--- TASK INSTRUCTIONS ---
After finding "Lenoxx Electronics CT-995" in the data, write out its line and all following lines without change, up to and including the last one. Leave out pictures.

--- DATASET CONTENT ---

----------

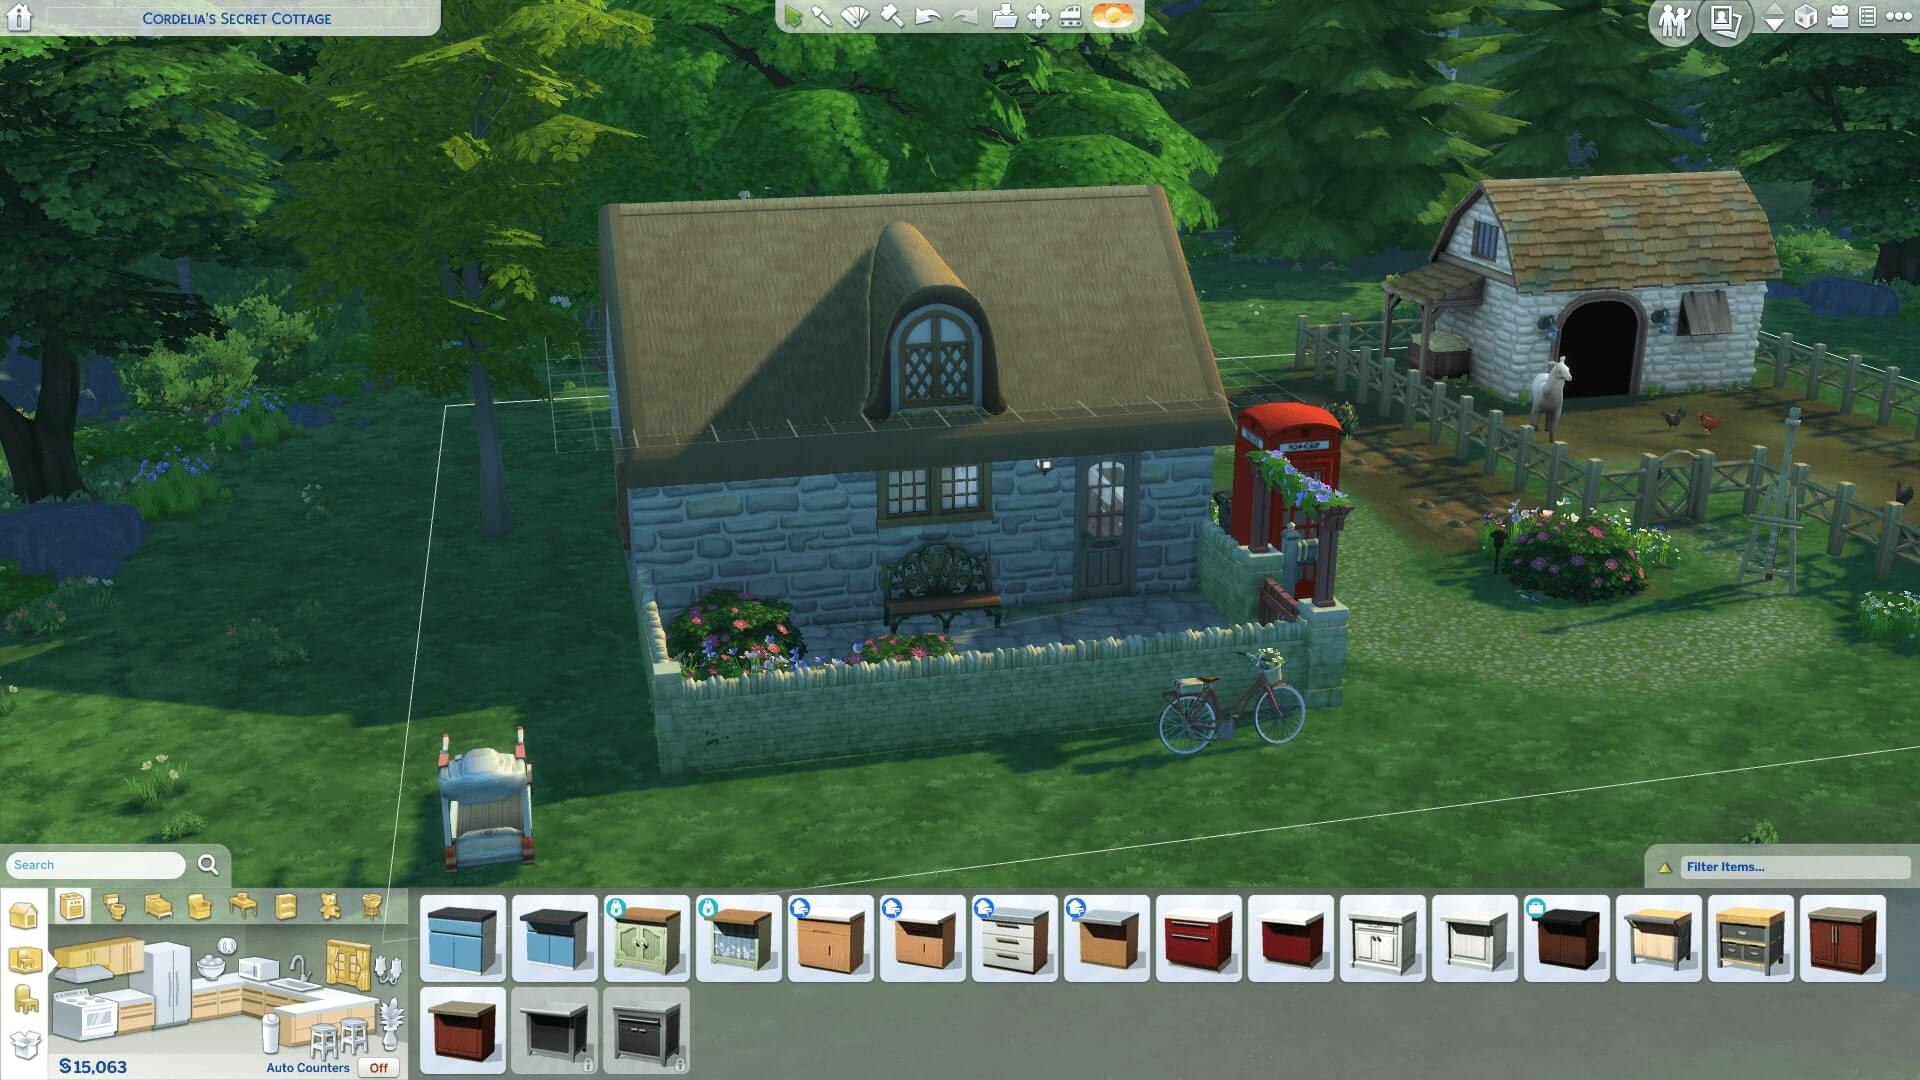 A screenshot showing a cottage
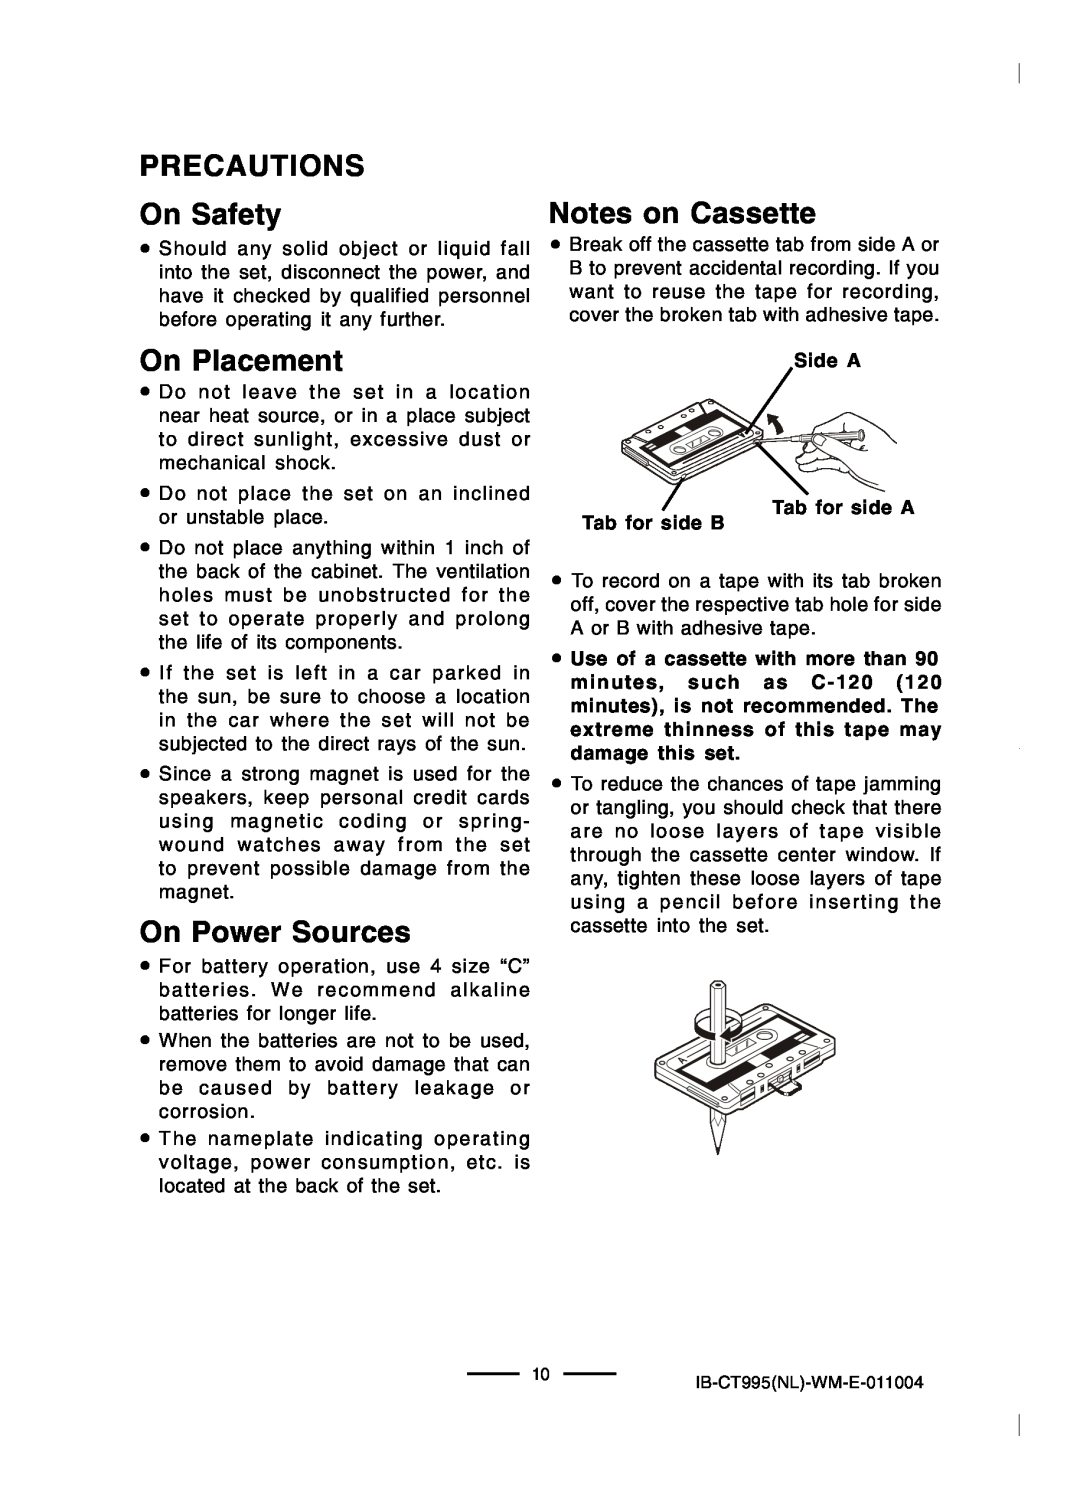 Lenoxx Electronics CT-995 operating instructions PRECAUTIONS On Safety, Notes on Cassette, On Placement, On Power Sources 
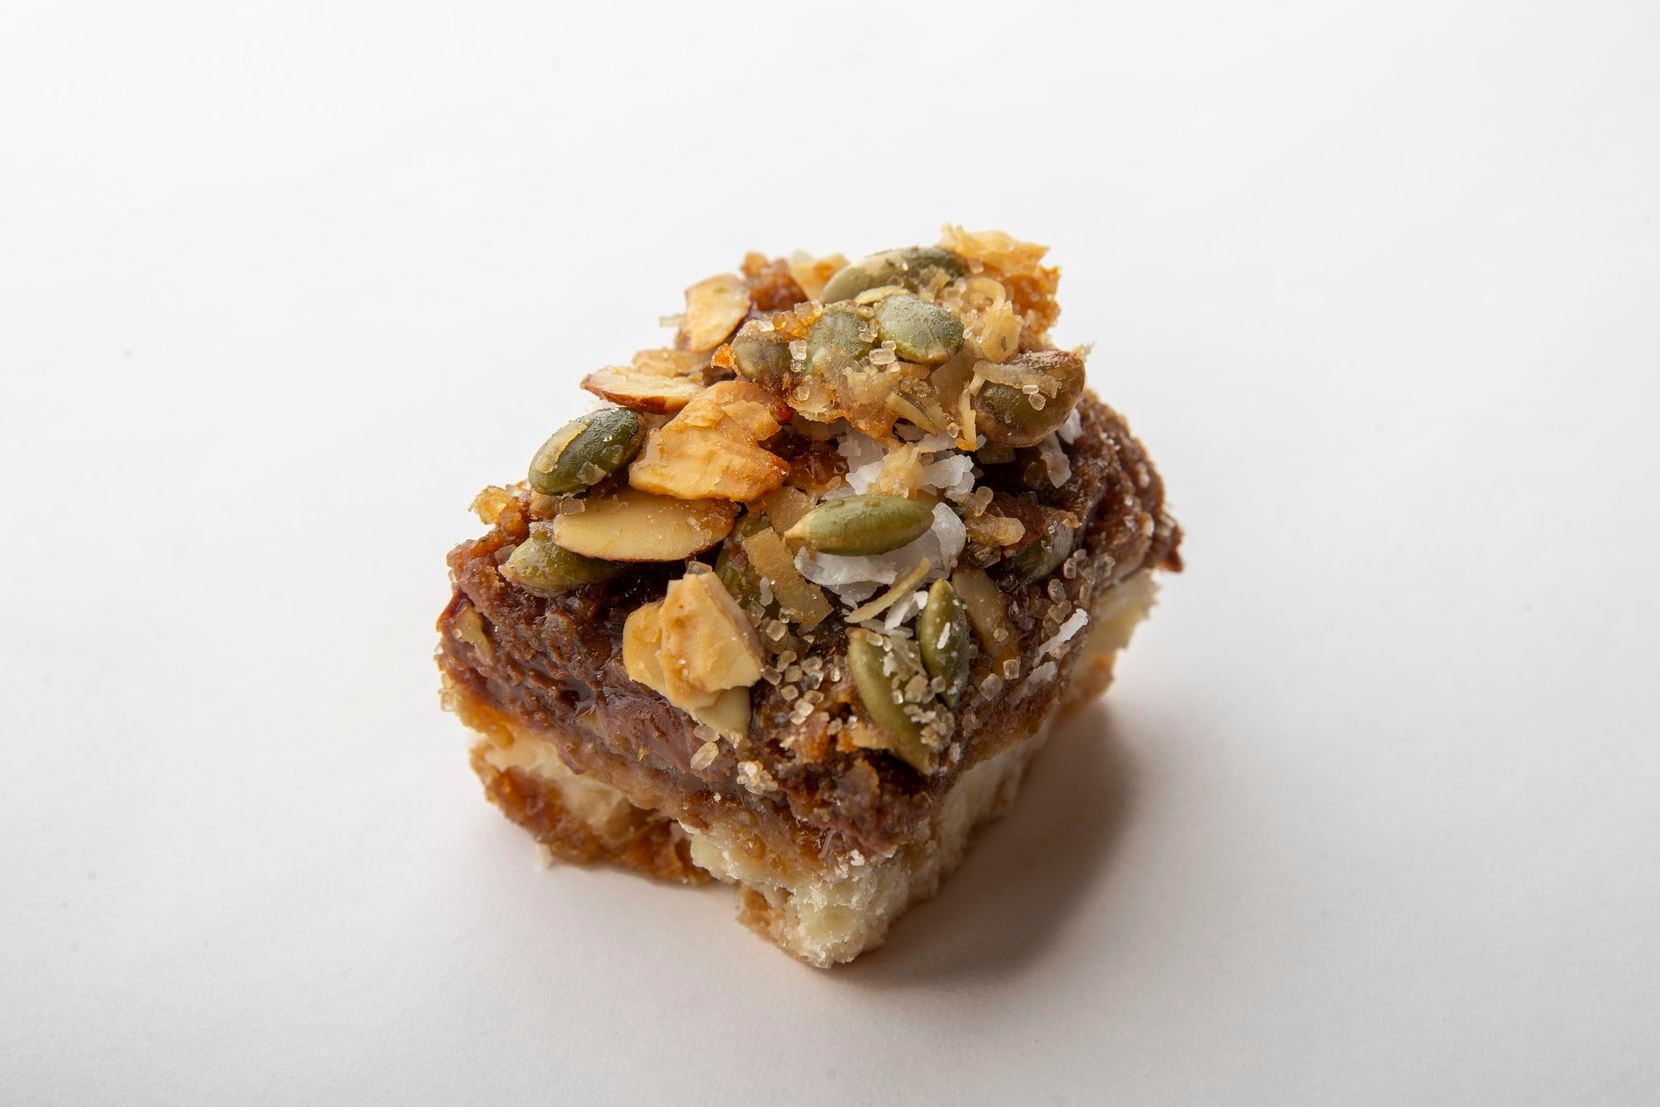 The Buena Onda spicy almond-pepita and pilloncillo cluster bars made by Rex Poland

----------

--- SOLUTION FOR THIS PROBLEM ---
 Lenoxx Electronics CT-995 operating instructions PRECAUTIONS On Safety, Notes on Cassette, On Placement, On Power Sources 
 The Buena Onda spicy almond-pepita and pilloncillo cluster bars made by Rex Poland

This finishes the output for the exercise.